▸ **Exercise requirements**
Every line of the data below should be repeated exactly, and no picture should be copied.

-------- Source data --------

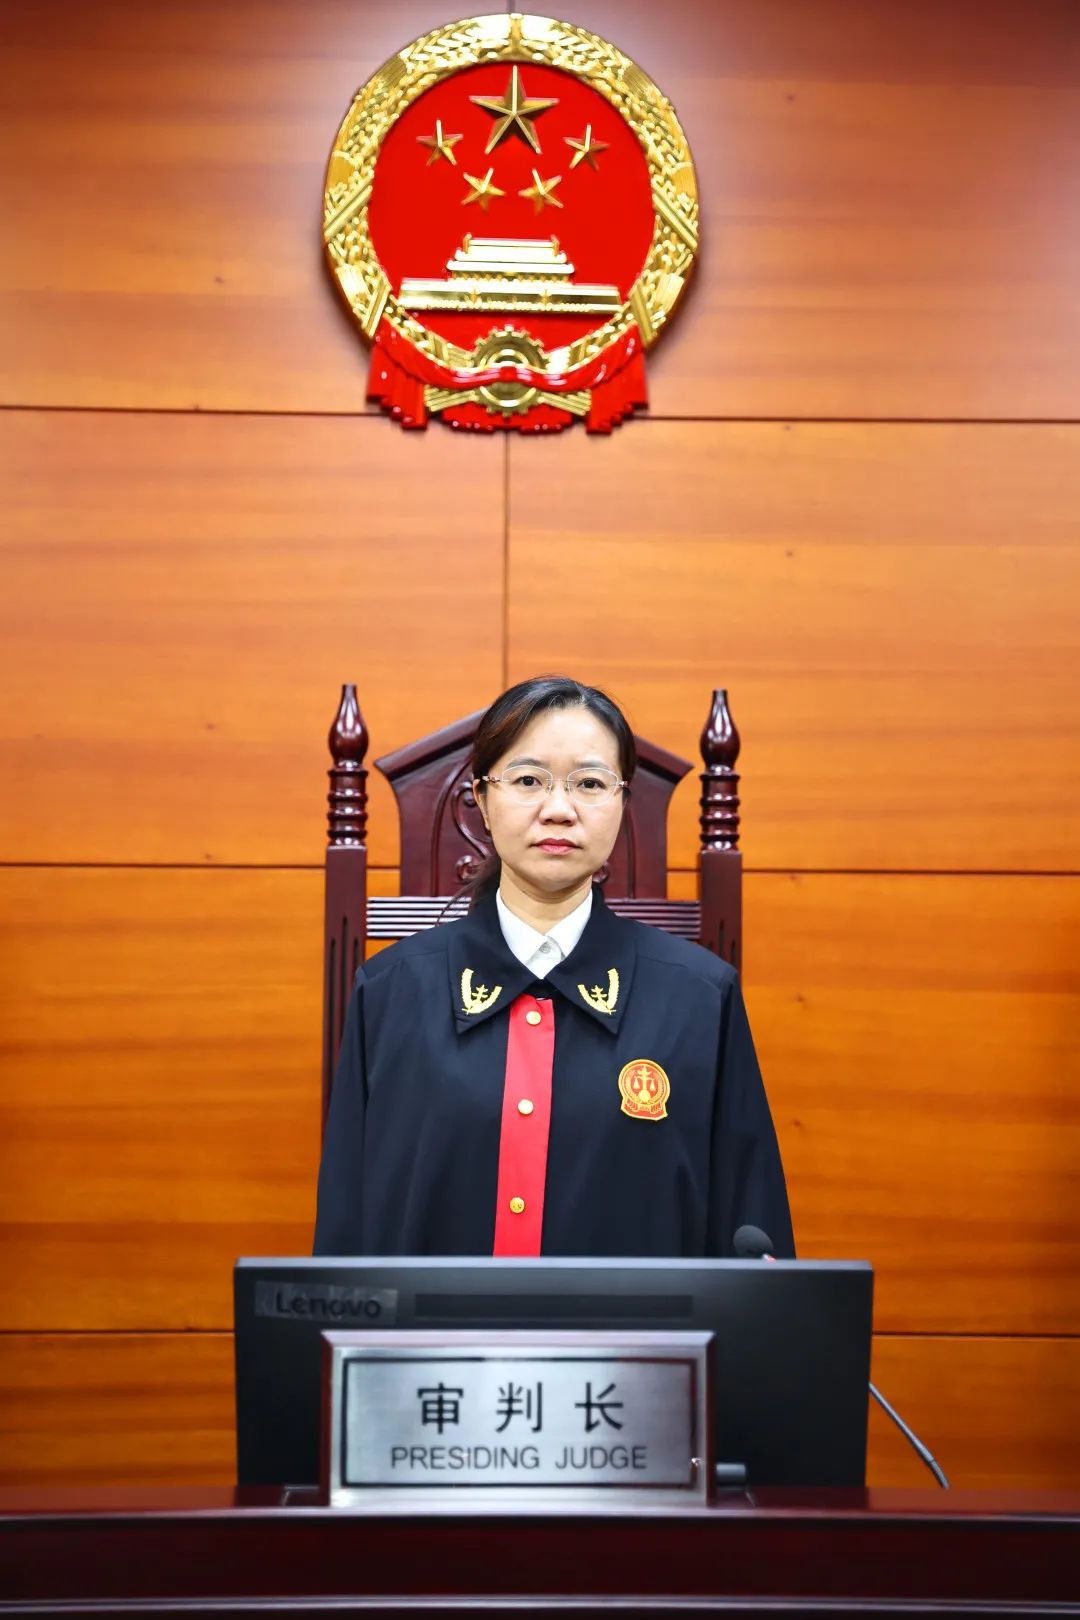 天津日报守护正义的天平记天津市第二中级人民法院三级高级法官夏维娜
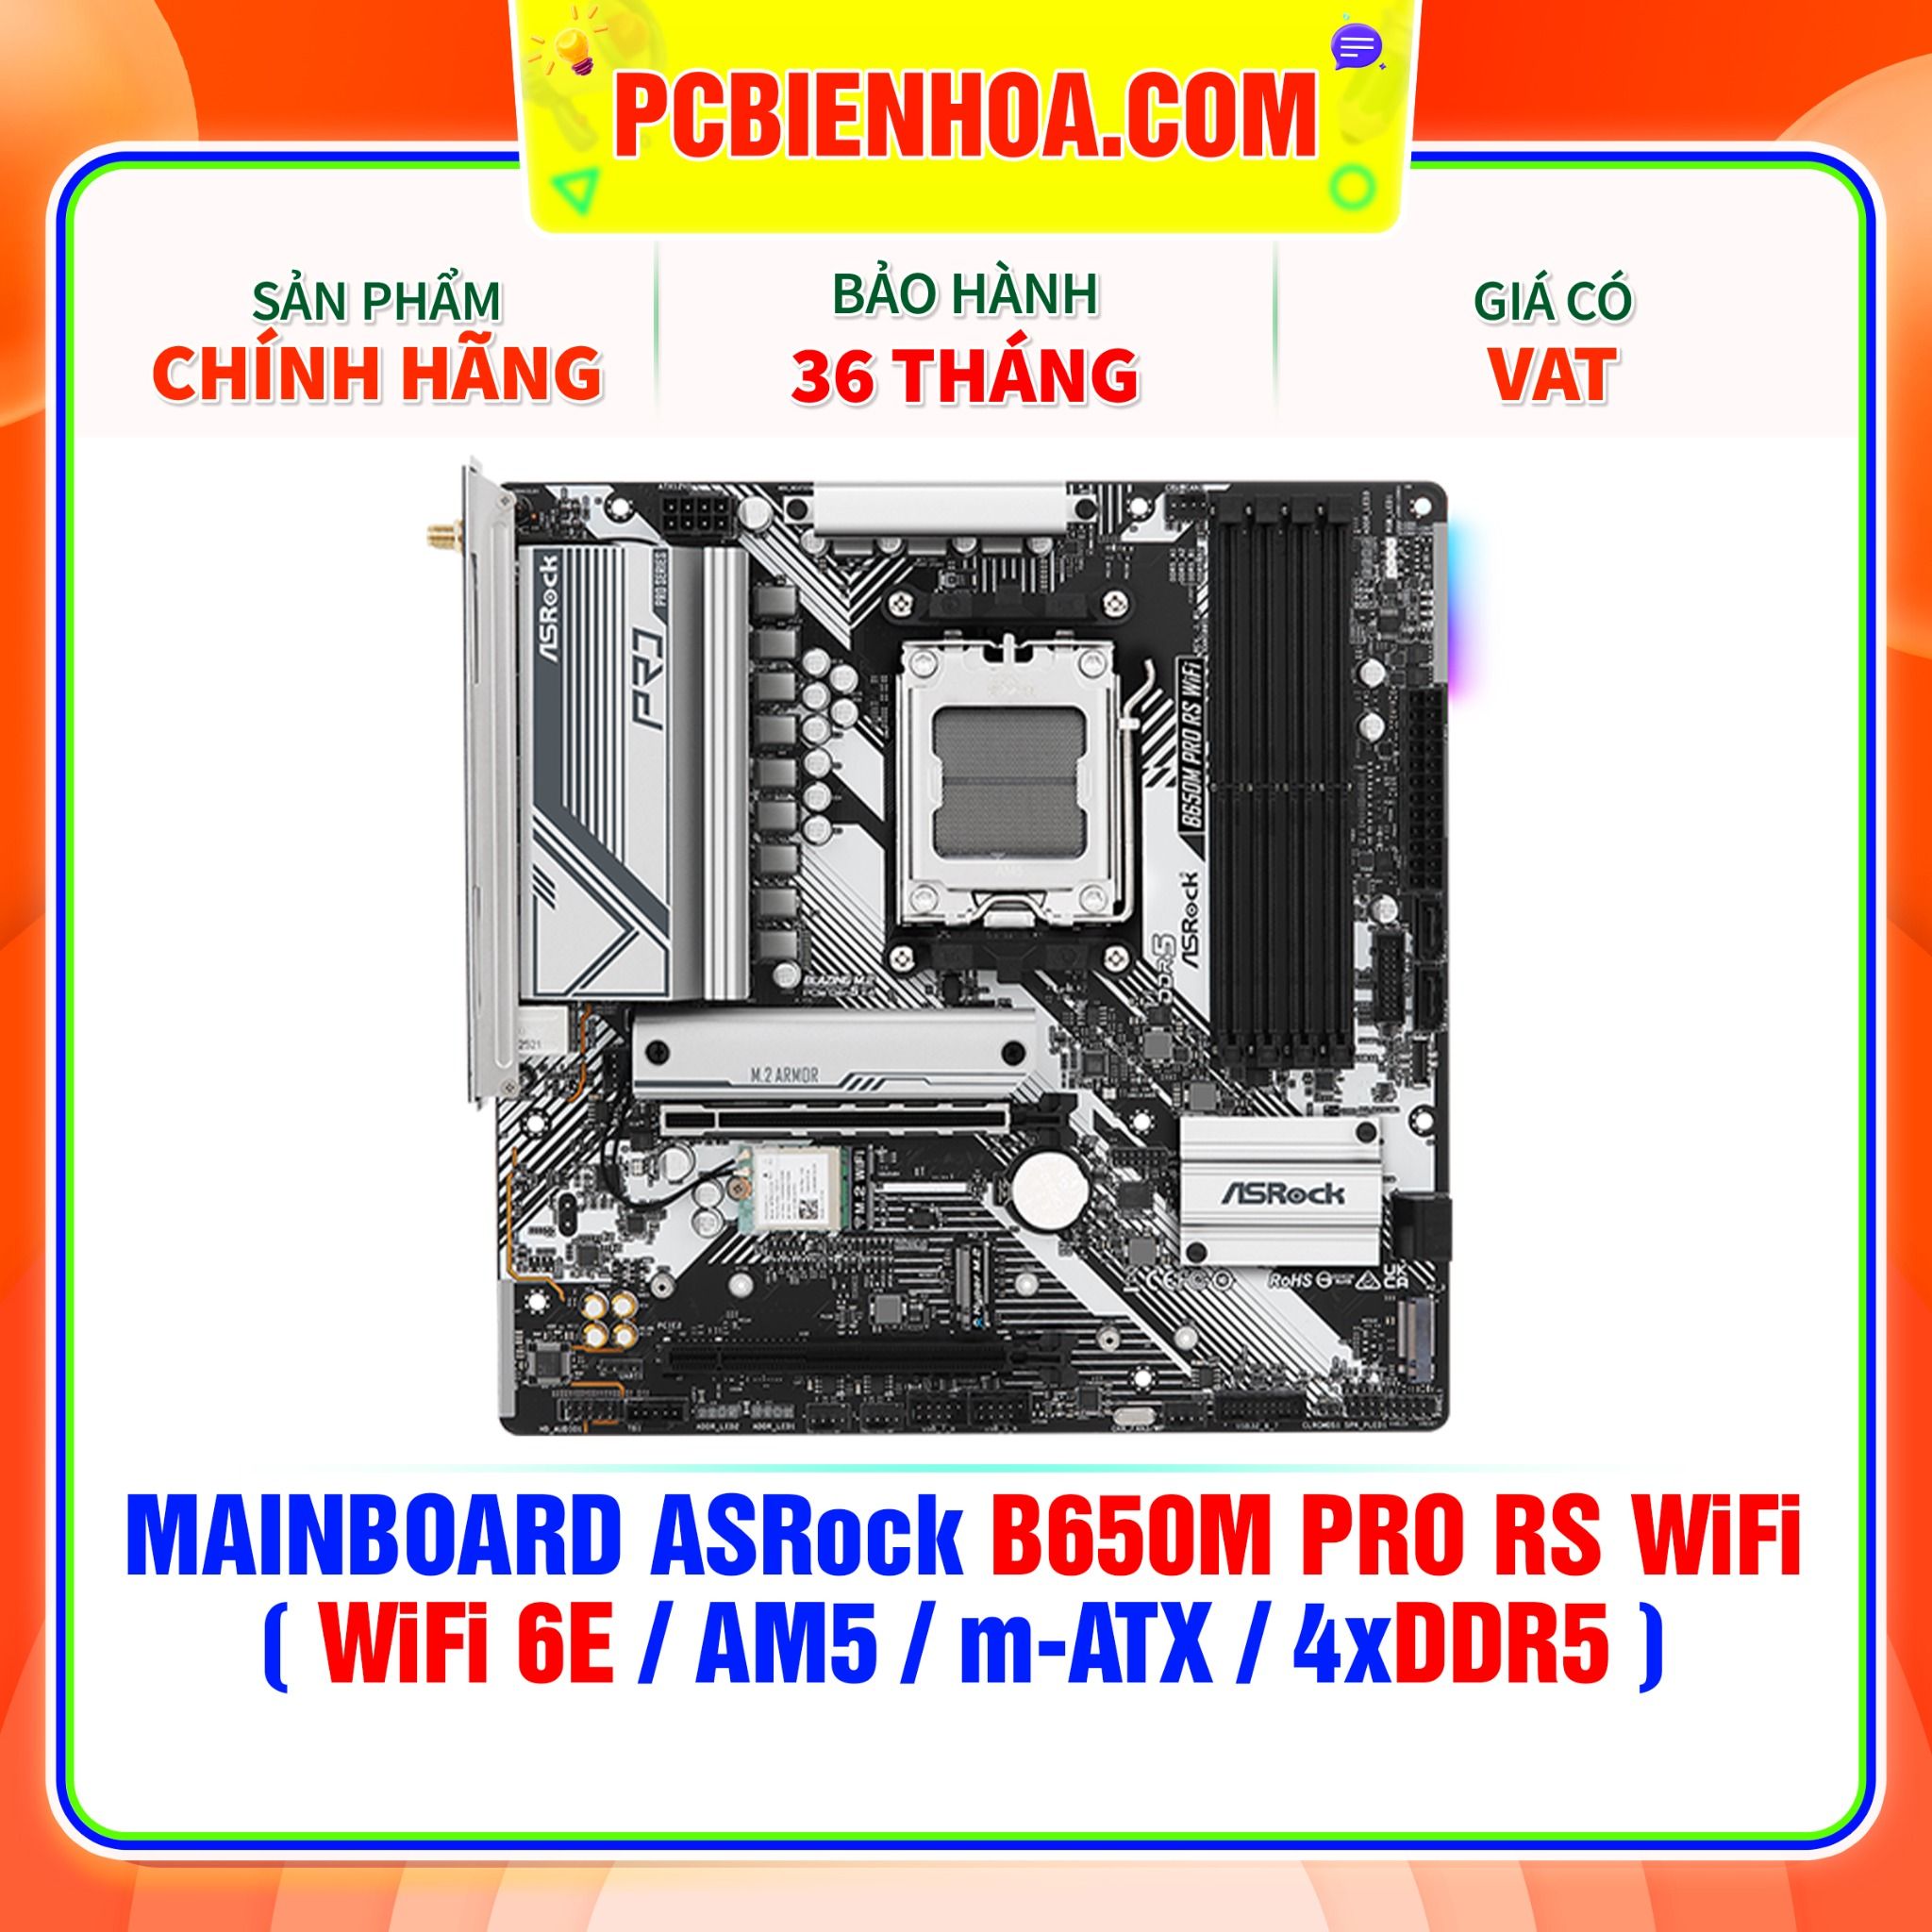  DDR5 - MAINBOARD ASRock B650M PRO RS WiFi ( WiFi 6E / AM5 / m-ATX / 4xDDR5 ) 
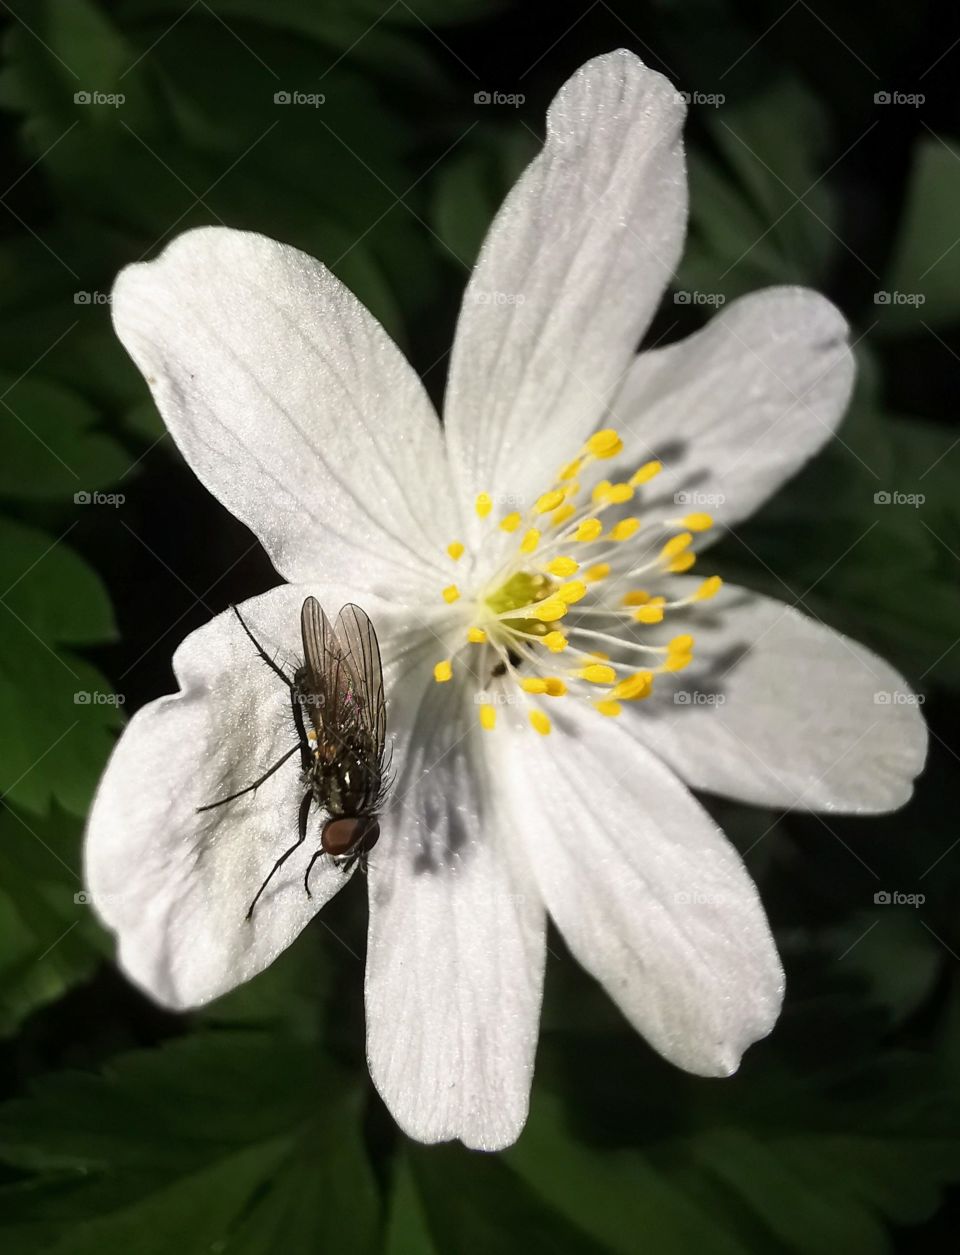 Makro Fotografie. Blume mit einer Fliege
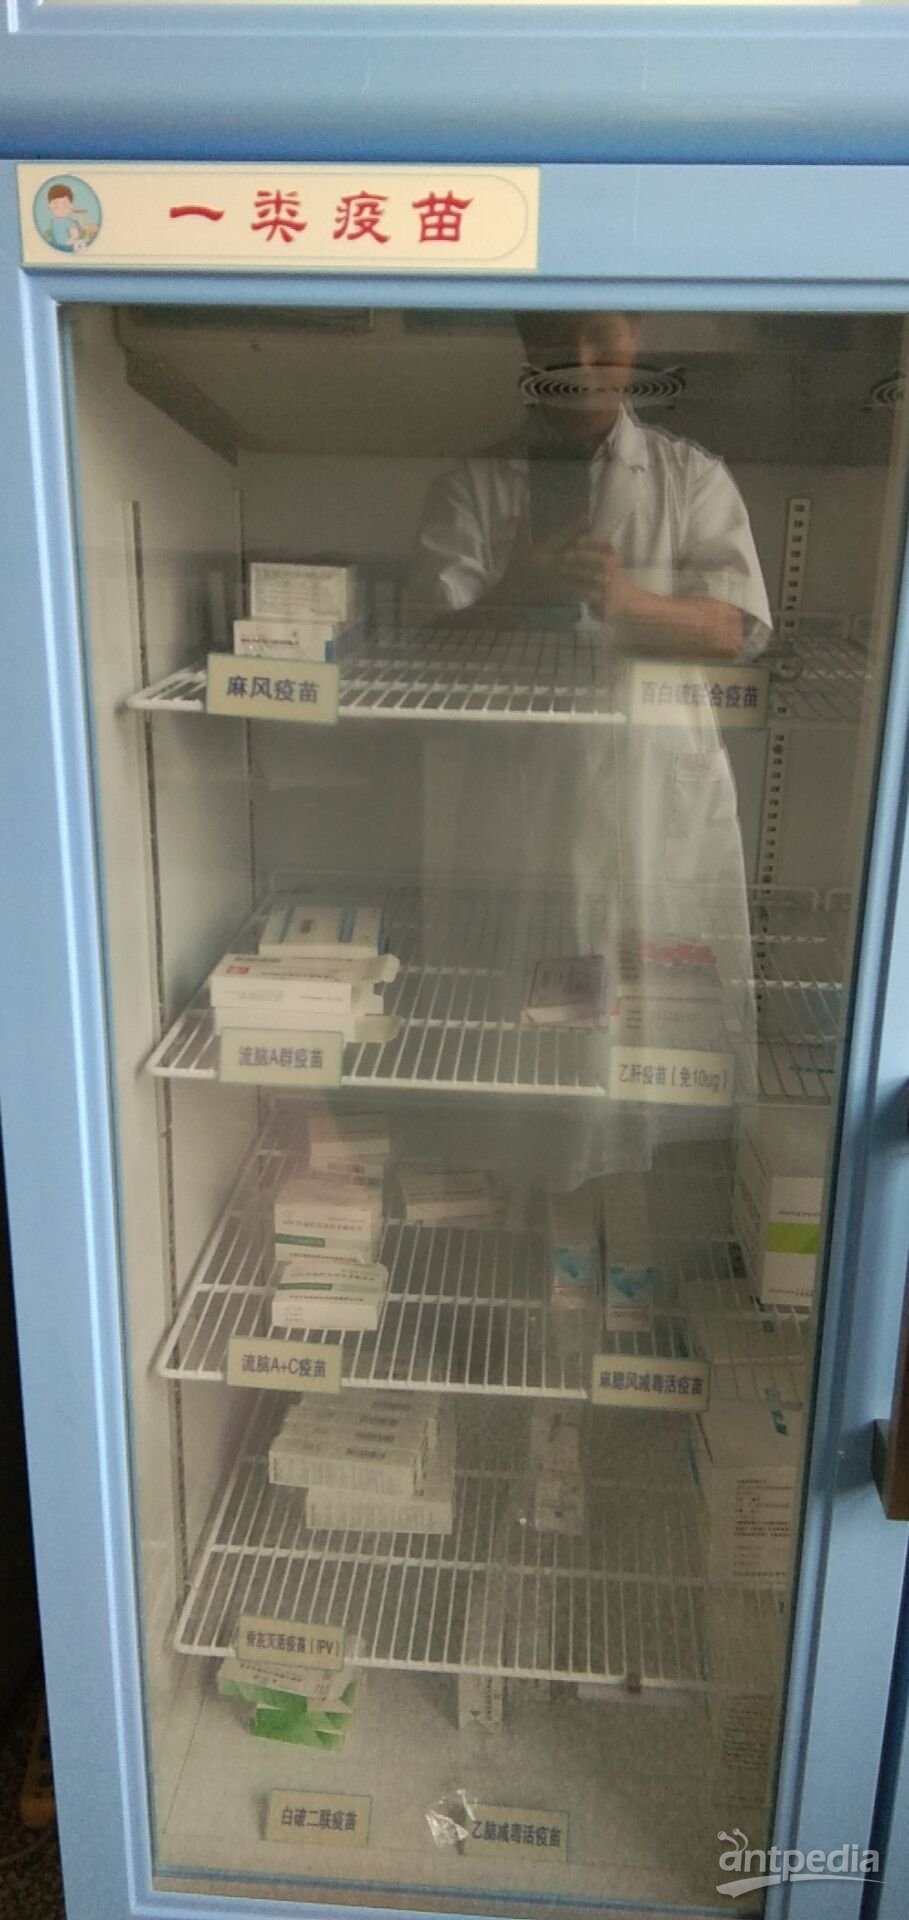 10-25度农药标准物质保存冰箱

--------

▸ **Exercise answer**
 天津日报守护正义的天平记天津市第二中级人民法院三级高级法官夏维娜
  DDR5 - MAINBOARD ASRock B650M PRO RS WiFi ( WiFi 6E / AM5 / m-ATX / 4xDDR5 ) 
 Makro Fotografie. Blume mit einer Fliege
 10-25度农药标准物质保存冰箱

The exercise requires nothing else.